Visu­al Arts

New Mex­i­co’s Cryp­to-Jews: Image and Memory

Cary Herz, pho­tographs; Ori Z. Soltes and Mona Her­nan­des, essays

  • Review
By – January 23, 2012

It often takes a con­flu­ence of events to awak­en a new sen­si­tiv­i­ty or moti­vate a height­ened inter­est in an area of study — as an exam­ple, the grow­ing inter­est in hid­den Jews.” These are not the hid­den Jews of the Holo­caust, although there is a con­nec­tion, but the hid­den Jews among us now. It began, for this review­er, with Trudy Alexy’s book: The Mezuzah in the Madonna’s Foot: Mar­ra­nos and Oth­er Secret Jews (Harp­er, p.b.1993) which pro­vid­ed oral his­to­ries that explored 500 years in the para­dox­i­cal rela­tion­ship of Spain and the Jews, with an empha­sis dur­ing the peri­od of the Third Reich when Europe’s Jew­ish refugees often found a sort of haven in Spain and Por­tu­gal. It began for Cary Herz with her vis­it in 1979 to a friend in San­ta Fé, New Mex­i­co, where she was so intrigued by an area in which there were lawyers who were rais­ing goats, so that she began to take pho­tographs in the state.

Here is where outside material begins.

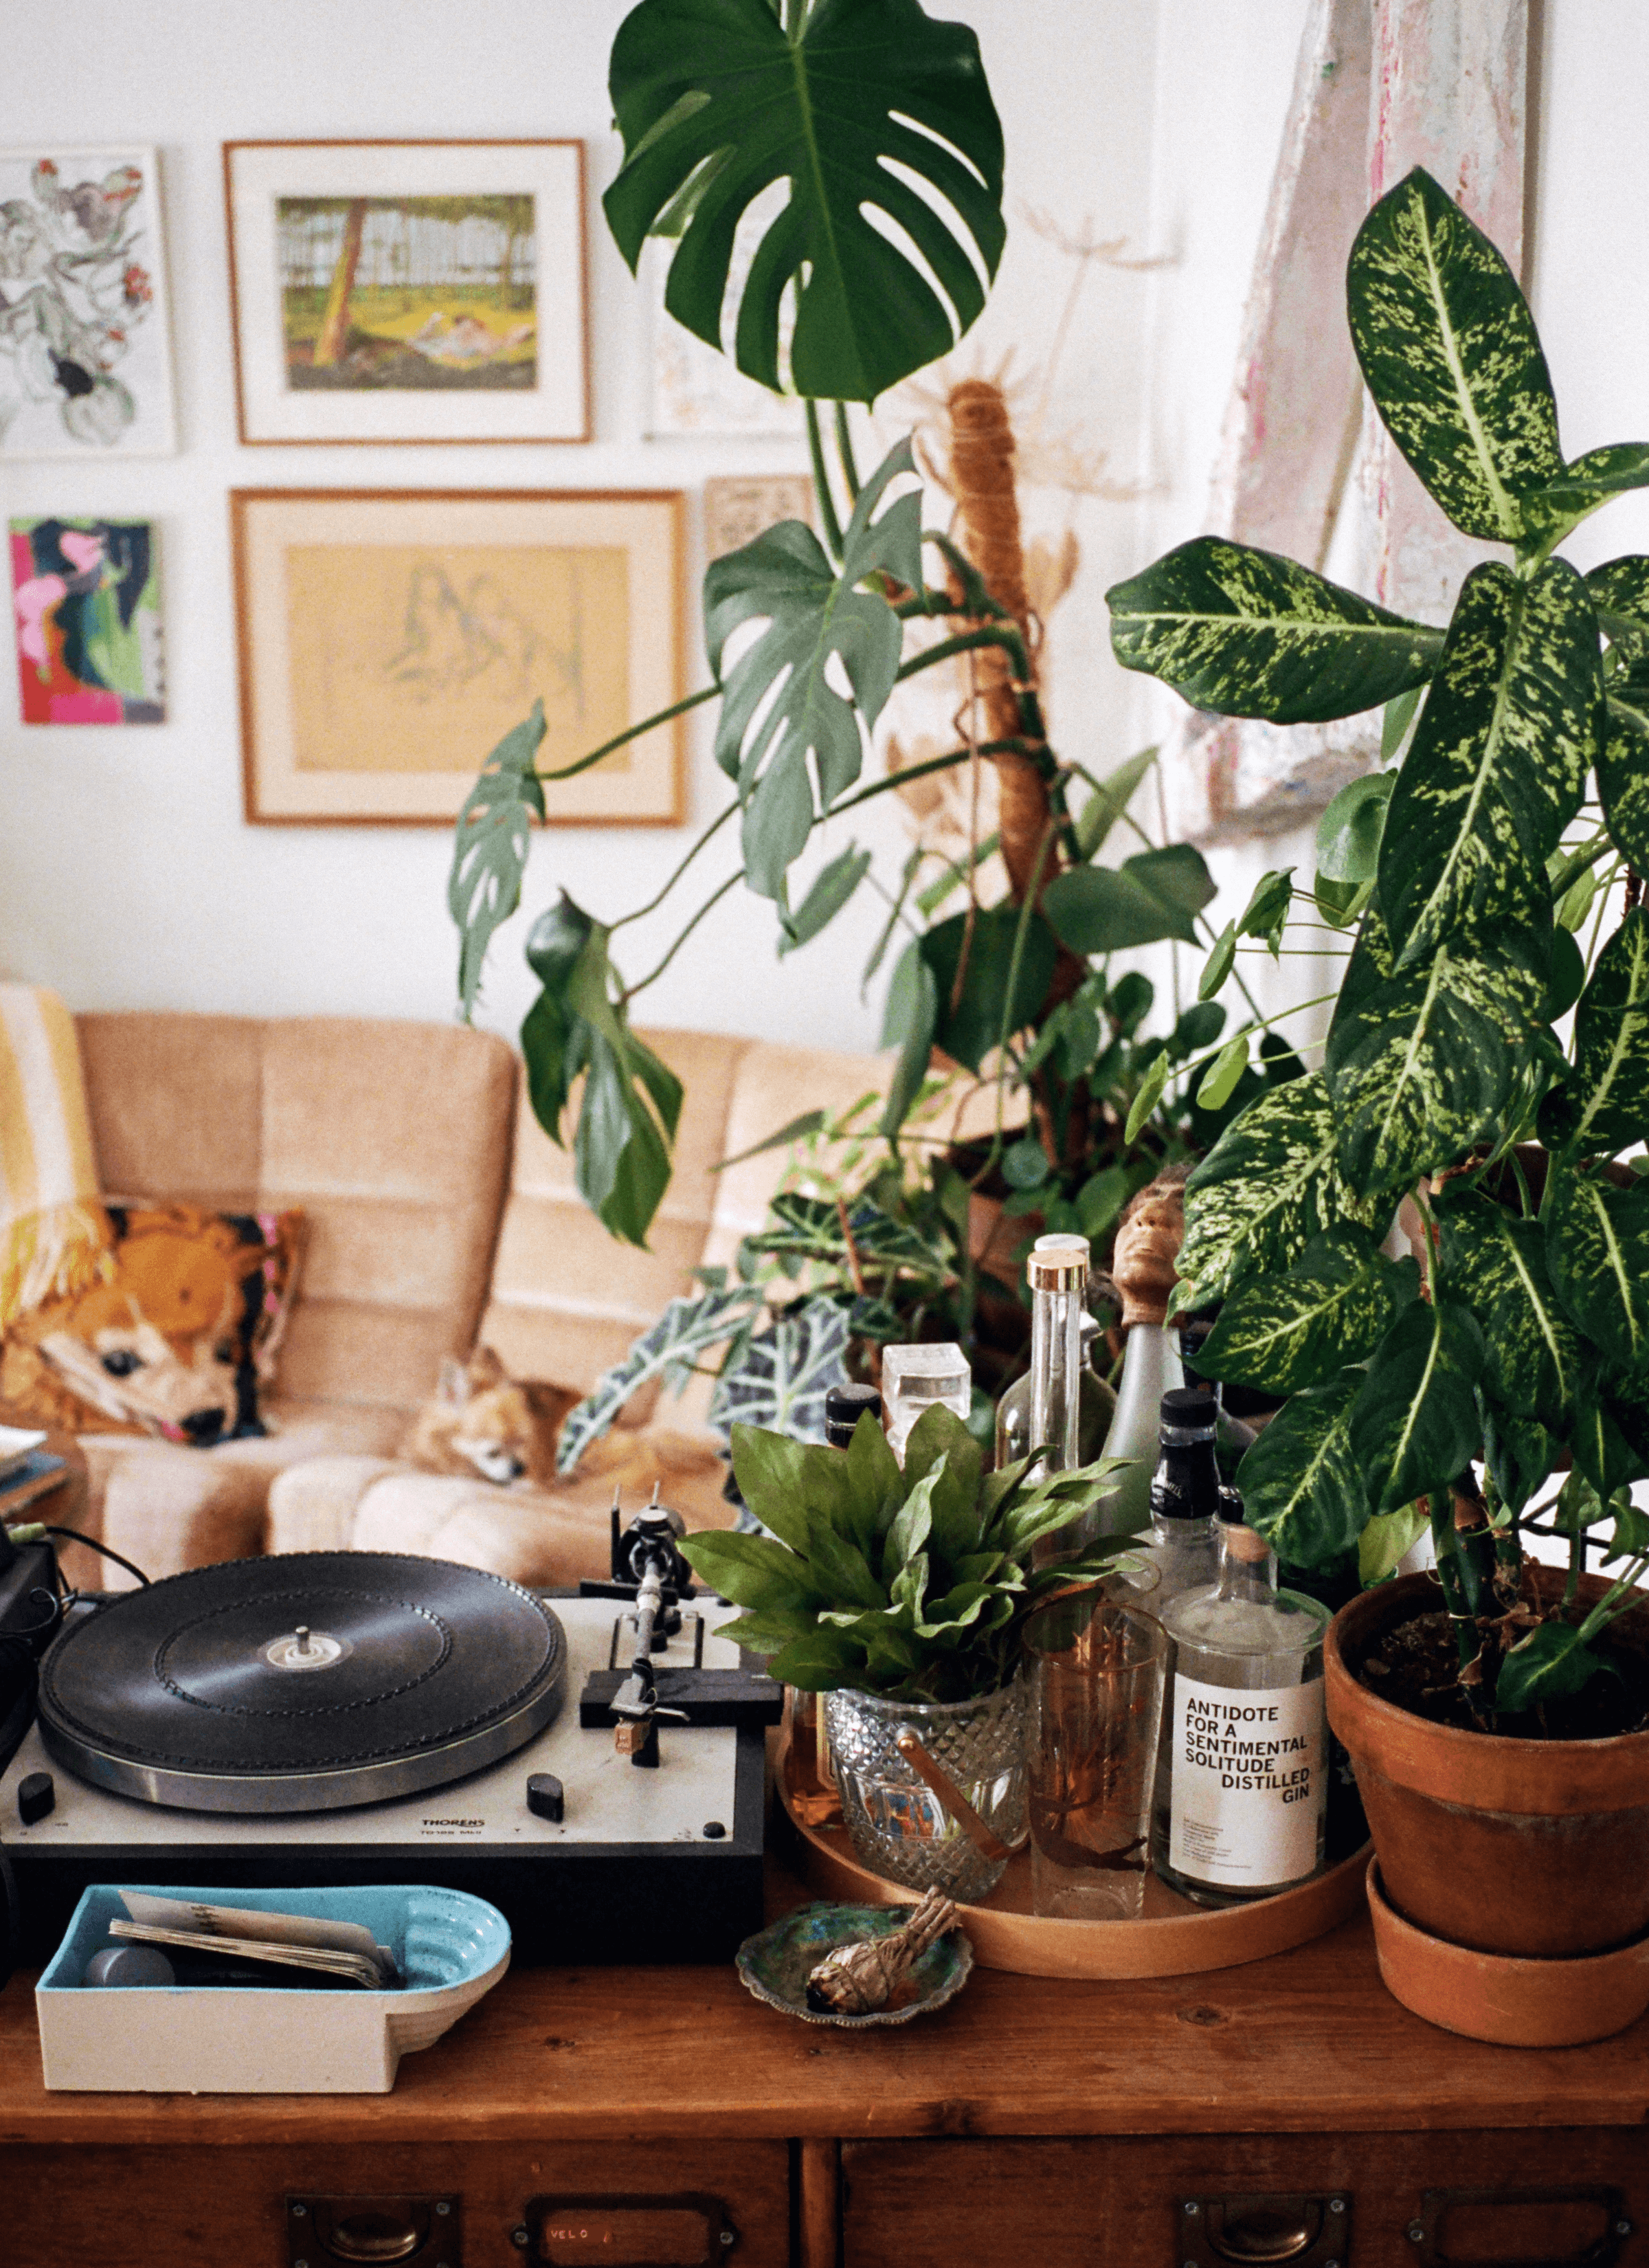 A big pot of Dumb cane next to a small pot of basils next to a phonograph on the table. Behind it, a small dog is sitting on the sofa and there are a couple of paintings hung on the wall.

But it was not until she was tak­ing pic­tures at the ceme­tery of Con­gre­ga­tion Mon­te­fiore in Las Vegas, New Mex­i­co that Herz first heard about the oth­er peo­ple,” the Cryp­to Jews — Sephardic Jews who had con­vert­ed to Catholi­cism 500 years ago to avoid per­se­cu­tion, tor­ture, and death. She pho­tographed tomb­stones dis­play­ing the Jew­ish star, meno­rah, or shroud rep­re­sent­ing a tal­lit next to or near the Chris­t­ian cross. She dis­cov­ered that some of these peo­ple embraced the Chris­t­ian faith, while oth­ers prac­ticed their Jew­ish faith secret­ly. Slow­ly, Herz became friends with those whose traces of pos­si­ble Judaism she uncov­ered, and as she did so, she con­nect­ed their sur­vival of the Inqui­si­tion with her own past. 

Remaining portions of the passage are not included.